Layaknya proses pendidikan, bulan ini kita sejatinya sedang menghadapi ujian kenaikan tingkat. Karena itu, sebagian ulama menyebut bulan Ramadhan sebagai “Syahrul Imtihan”, bulan ujian. Maka dengan kurikulum berbasis iman dan peserta didiknya orang-orang mu’min, diharapkan dalam proses pendidikan selama sebulan ini akan keluar lulusan yang akan menyandang gelar MM alias Mu’min Muttaqin.

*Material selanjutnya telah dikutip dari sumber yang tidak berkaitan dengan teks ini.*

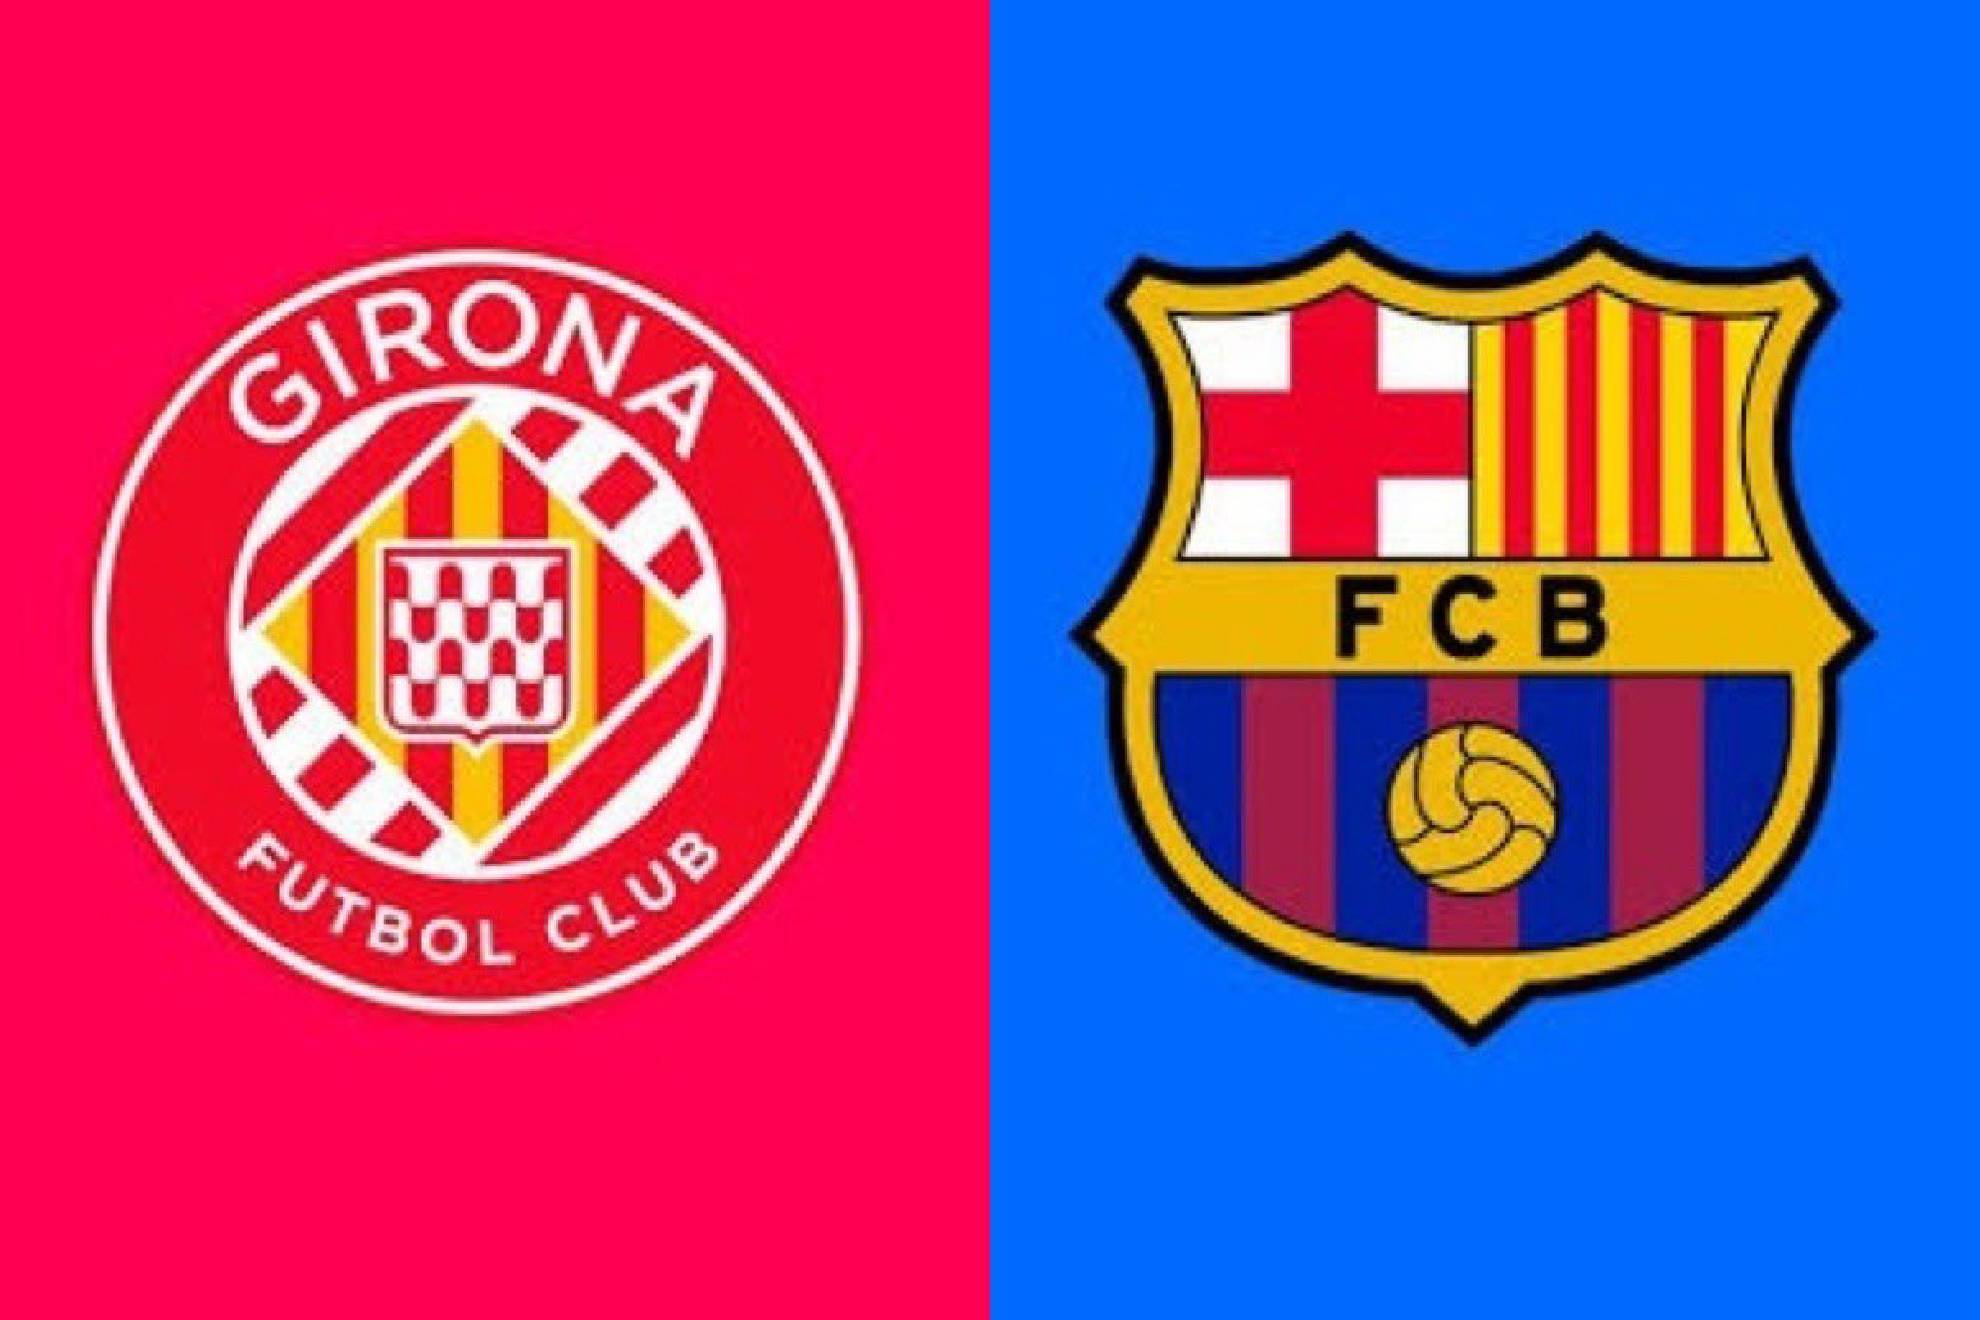 Barcelona visita al Girona en uno de los partidos ms importantes de la temporada en LaLiga.

Permasalahannya, apakah semua kita yang sedang menempuh ujian Ramadhan ini bisa lulus dengan meraih gelar “MM” itu..? Wallahu-a’lam, hanya Allah yang tahu. Apalagi gelar itu tidak dilampiri ijazah. Pasti sulit kita mengetahui nilai kelulusan seseorang. Jangankan ijazah dari Allah yang ghaib, ijazah dari manusia yang nyata saja, kita bisa dibuat bingung dengan “kelihaian” manusia yang makin pinter menyamarkan kepalsuan ijazah lembaganya. Maka untuk mengetahui kelulusan seseorang, kita “hanya” bisa melihat indikasi yang tertampilkan dalam kesehariannya pasca ujian Ramadhan yang telah dilampauinya.
Pertama,disiplin waktu.
Selama Ramadhan, kita begitu “tegas” dalam menjaga ketepatan waktu. Bahkan, ibarat undangan, kita hadir sebelum jadwal yang ditentukan. Lihatlah rumah-rumah makan, atau rumah kita sendiri. Saat Maghrib pukul 17.30, ternyata kita sudah hadir di meja hidangan, sepuluh menit sebelumnya. Begitu juga saat memulai puasa. Sepuluh menit sebelum “start”, kita sudah menahan diri untuk tidak menyentuh hidangan lagi. Sehingga ketika azan Subuh berkumandang, mulut kita betul-betul sudah bersih dari makanan.
Jika kita masuk kategori lulus dengan nilai baik, tentu pasca Ramadhan kepedulian kita terhadap waktu meningkat. Kita akan shalat di awal waktunya, tidak lagi molor seperti kemarin. Begitu juga dalam bermuamalah. Kita akan penuhi undangan sesama sesuai waktu yang tertera sehingga jam karet sudah tidak kita kenal lagi.
Kedua, solidaritas.
Lapar dan dahaga yang kita rasakan selama berpuasa, sesungguhnya sebuah pembelajaran untuk menumbuhkan empati pada saudara-saudara kita yang kurang beruntung. Dari situ akan membuahkan ikatan solidaritas sesama muslim tanpa disekati status sosial ekonomi yang berbeda.
Maka nilai kelulusan yang baik adalah manakala setelah idul fitri, kita menjadi lebih rendah hati dan “down to earth” dalam pergaulan dengan berbagai kalangan yang –baik secara materi maupun keilmuan- lebih rendah di mata kita. Terlebih kerendahan hati itu berbuah kesediaan berbagi. Tentu itu wujud nilai kelulusan yang sempurna.
Ketiga, pengendalian diri.
Ketika yang halal dan berpahala, menjadi terlarang dan berdosa di saat bulan Ramadhan, jelas sekali seolah Allah hendak mengukur sekuat apa kepatuhan kita pada-Nya untuk mengalahkan dorongan nafsu diri. Kemampuan kita mensubordinasikan kehendak nafsu di bawah kehendak Tuhan di saat Ramadhan, memiliki dampak yang luar biasa dalam menyikapi kehidupan yang penuh godaan, setelah idul fitri. Tinggal, apakah kepatuhan kita itu hanya berhenti di akhir Ramadhan ataukah justru makin menguat sesudahnya.
Apabila setelah Ramadhan, kepatuhan kita makin kuat dengan menjadikan Allah dan Rasulnya sebagai prioritas utama acuan perilaku keseharian kita, maka bisa jadi nilai kelulusannya berpredikat cum-laude.